What I’m doing is I’m going full pin on trying to solve this control problem. Like how do we build a safe cage. And I think we should invest a lot more in that or be ready to stop and you know slow down our industry which of course you know we have lots of good reasons not to do…
I’ve been talking to a number of governments and the folks in government who have been working on National Security they get it because they’re used to think about the odd chance of something really bad can happen and trying to put protections yeah to minimize those risks um and yeah the response has been very different from different governments and I think the level of understanding of the threat is still something you know that’s lacking in most governments um of course. The US government and the British government have been very proactive in those directions.
GREEN. So as a Titan in the field who’s working on that cage, where where would you say we are in that effort? Are you feeling confident that this is something doable?

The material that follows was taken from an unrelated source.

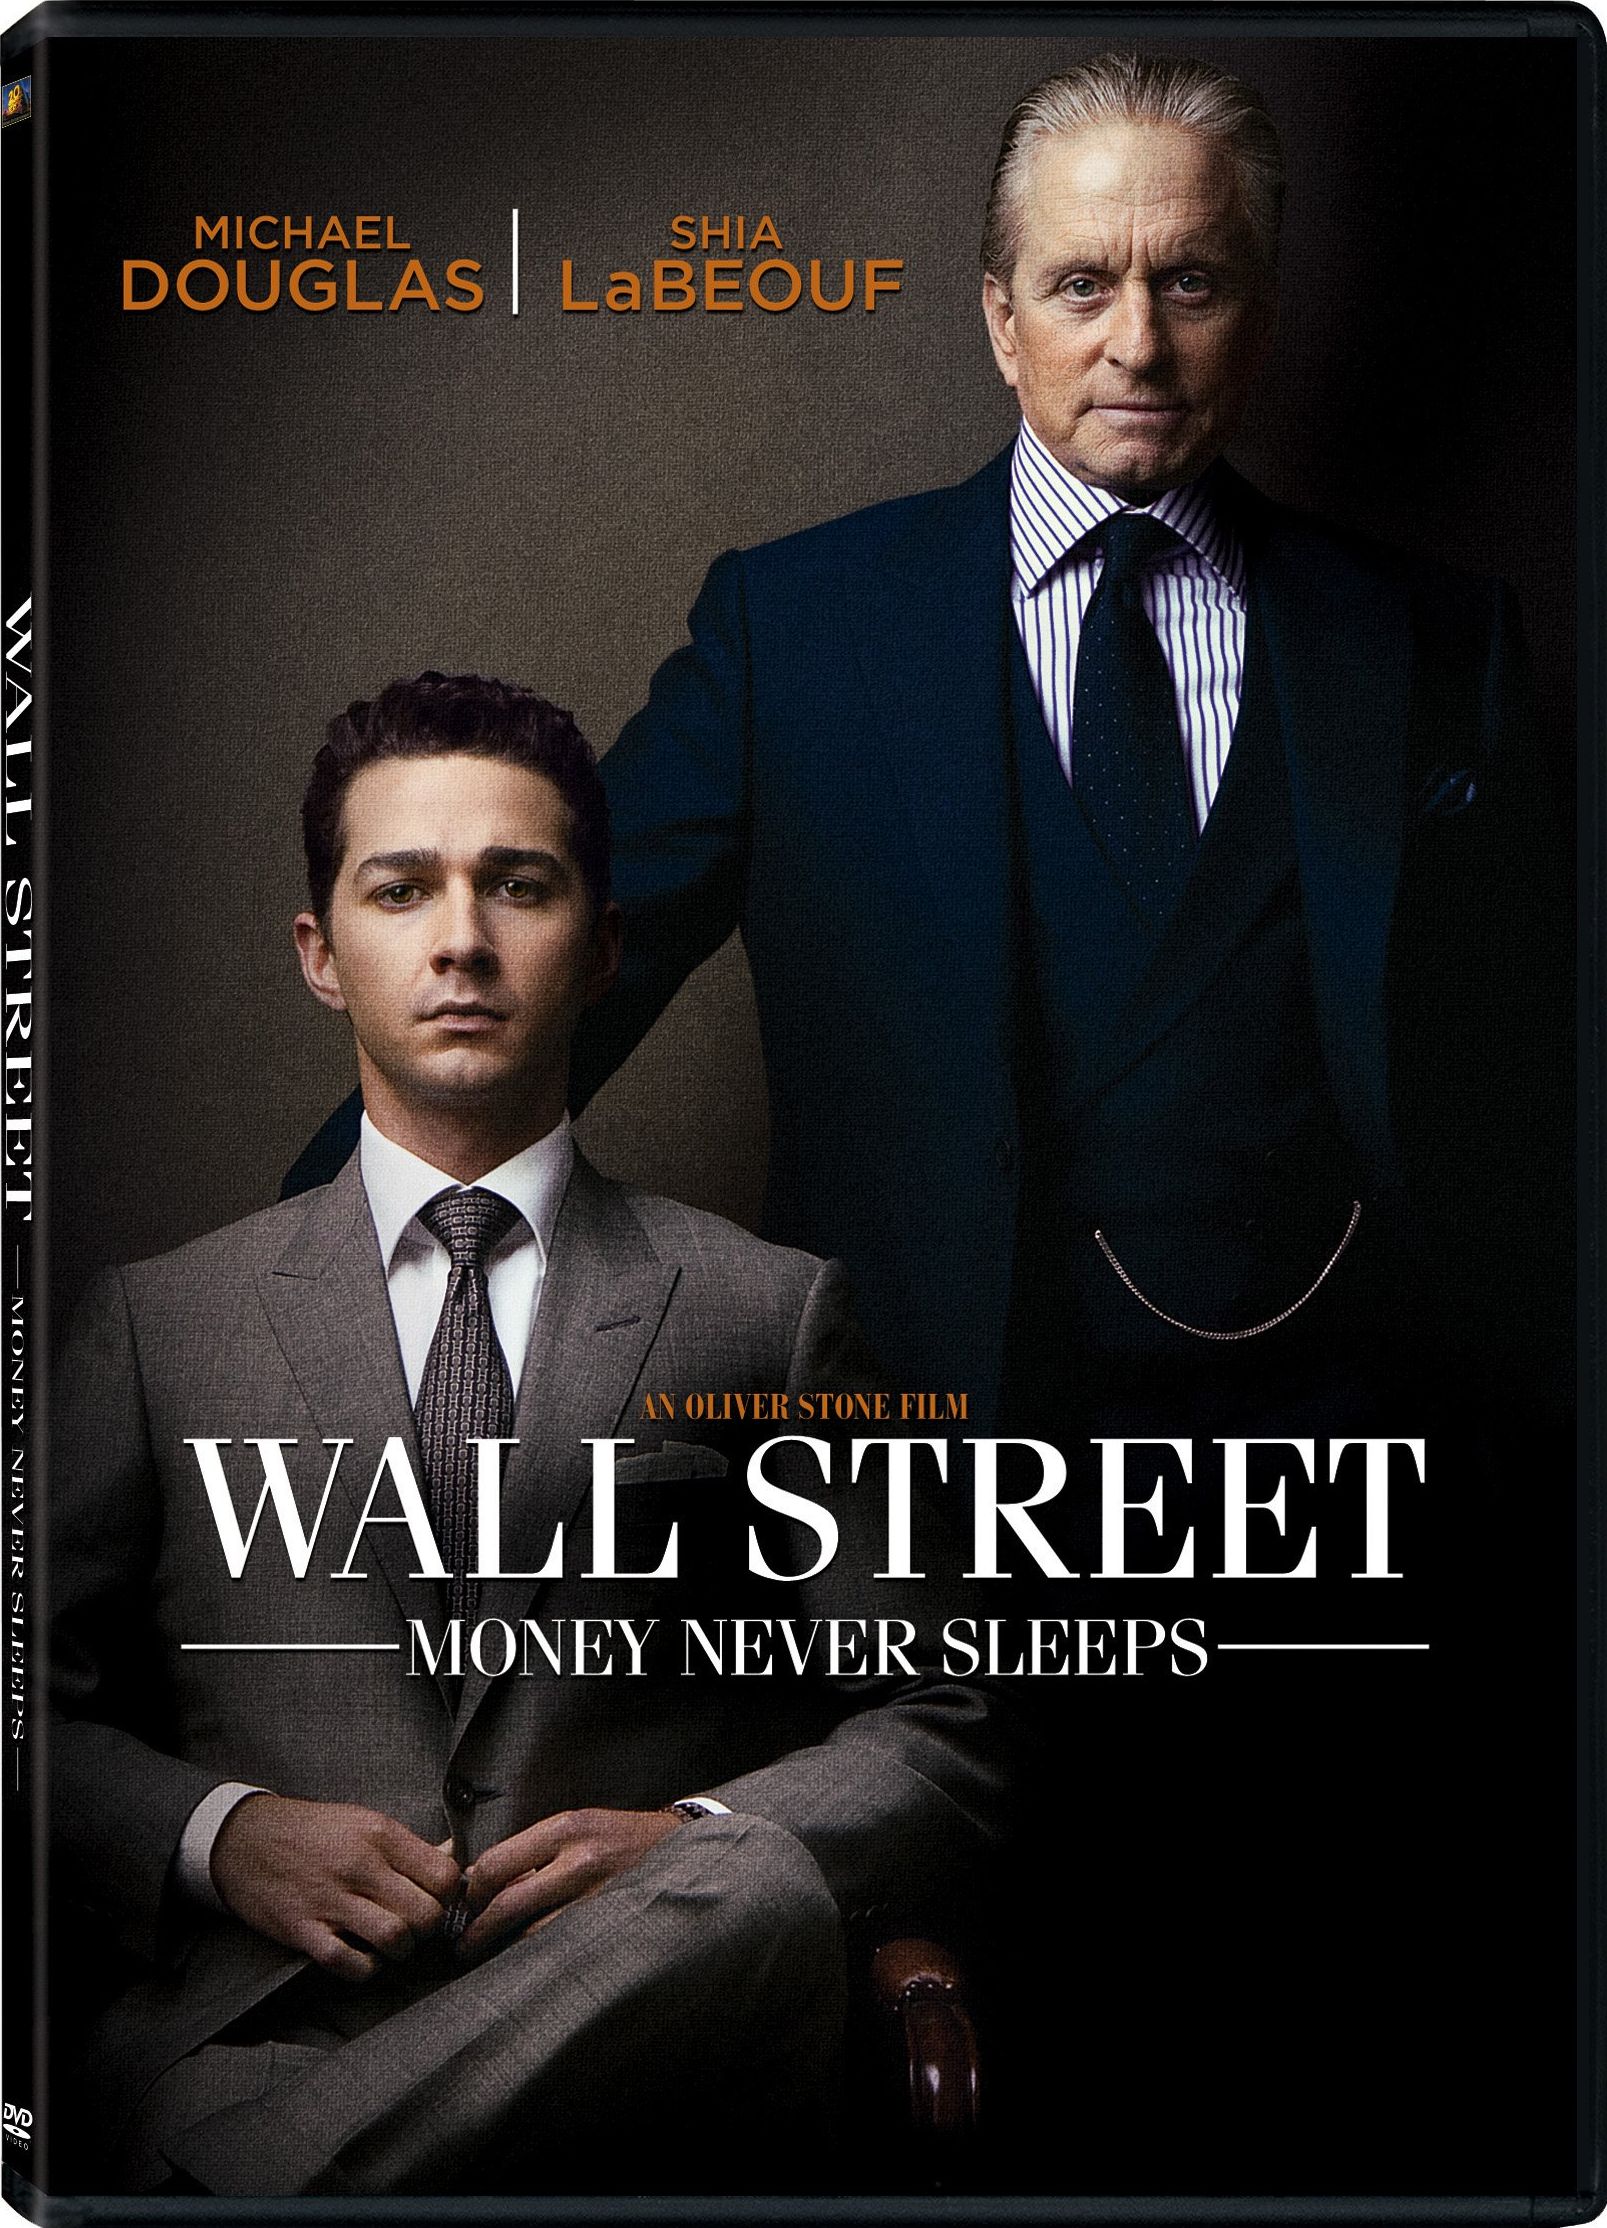 Wall Street: Money Never Sleeps DVD Release Date December 21, 20101607 x 2228
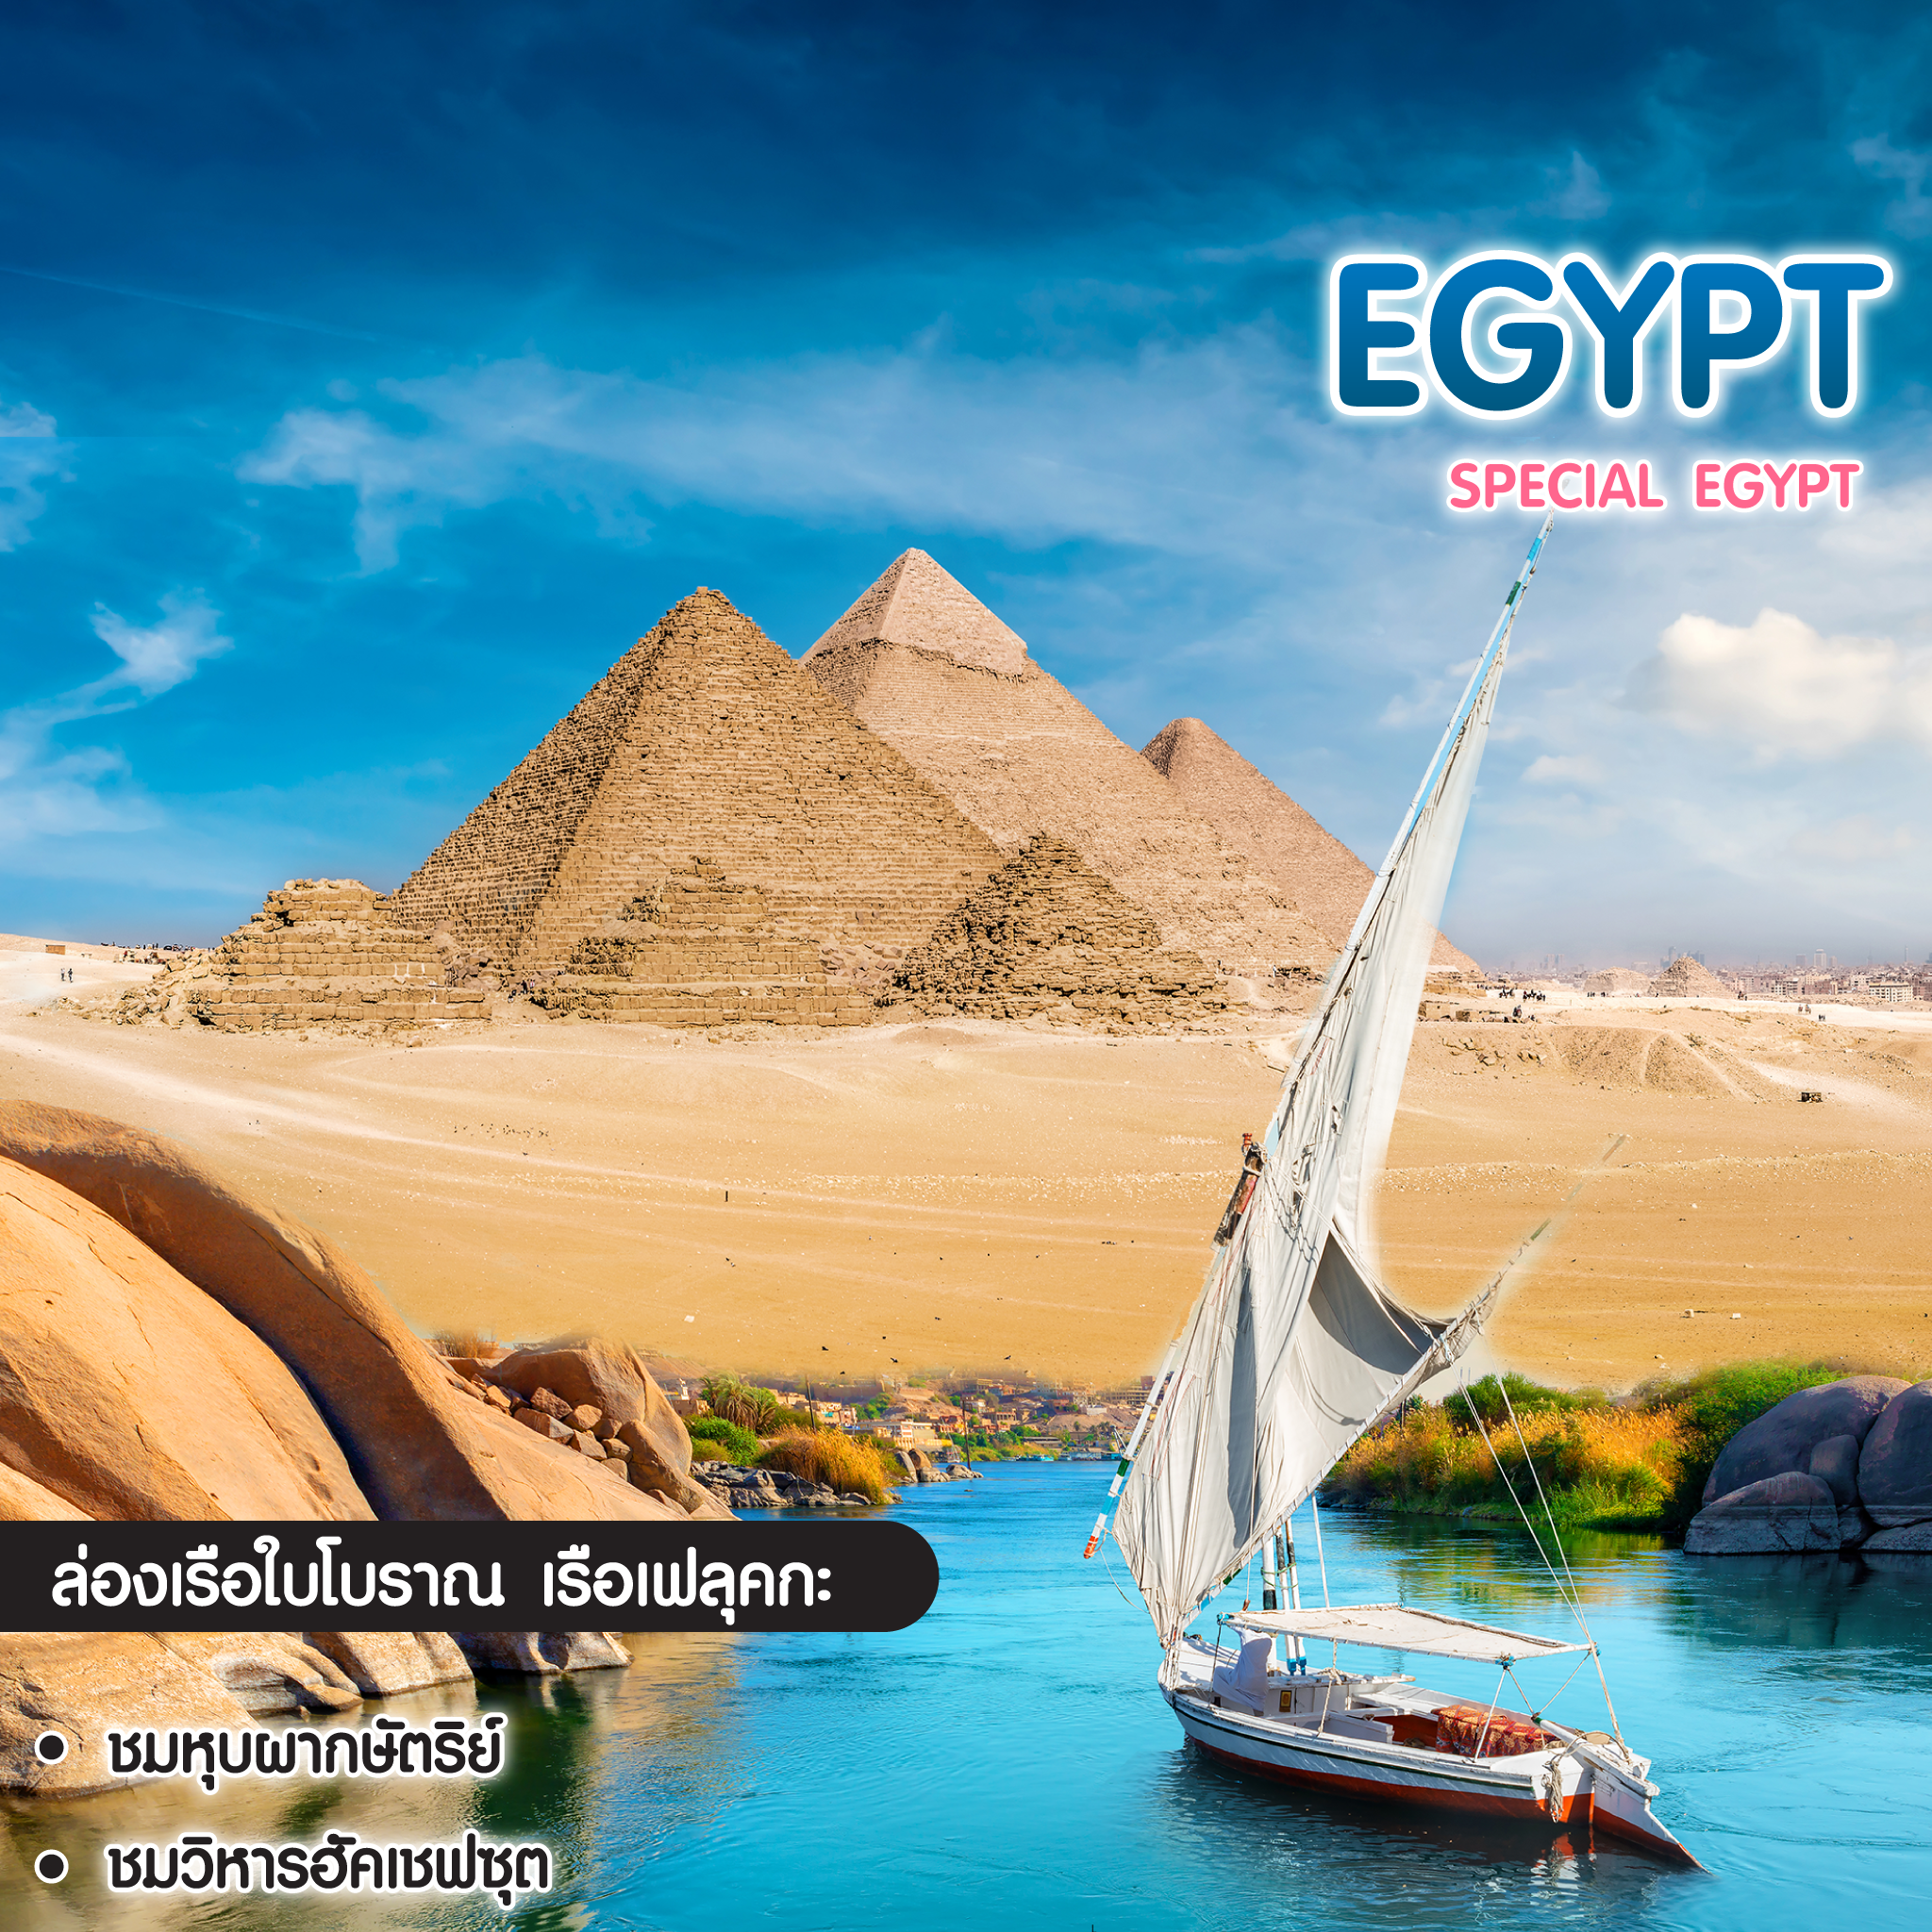 ทัวร์อียิปต์ Special Egypt

BENGIO: I think to some extent yes so I’m among a small group of researchers who think that we have a chance of coming up with provable guarantees of safety or in in at least asymptotically provable guarantees of safety um which was be which would be already a lot better than no guarantees at all yeah which is the current situation um and unfortunately I have the impression that mostly industry where trying to make small steps to try to increase safety but not really addressing the bigger problem of how do we make the cage really safe and so the things that are going on right now are good but insufficient by far if we were to reach AGI too soon.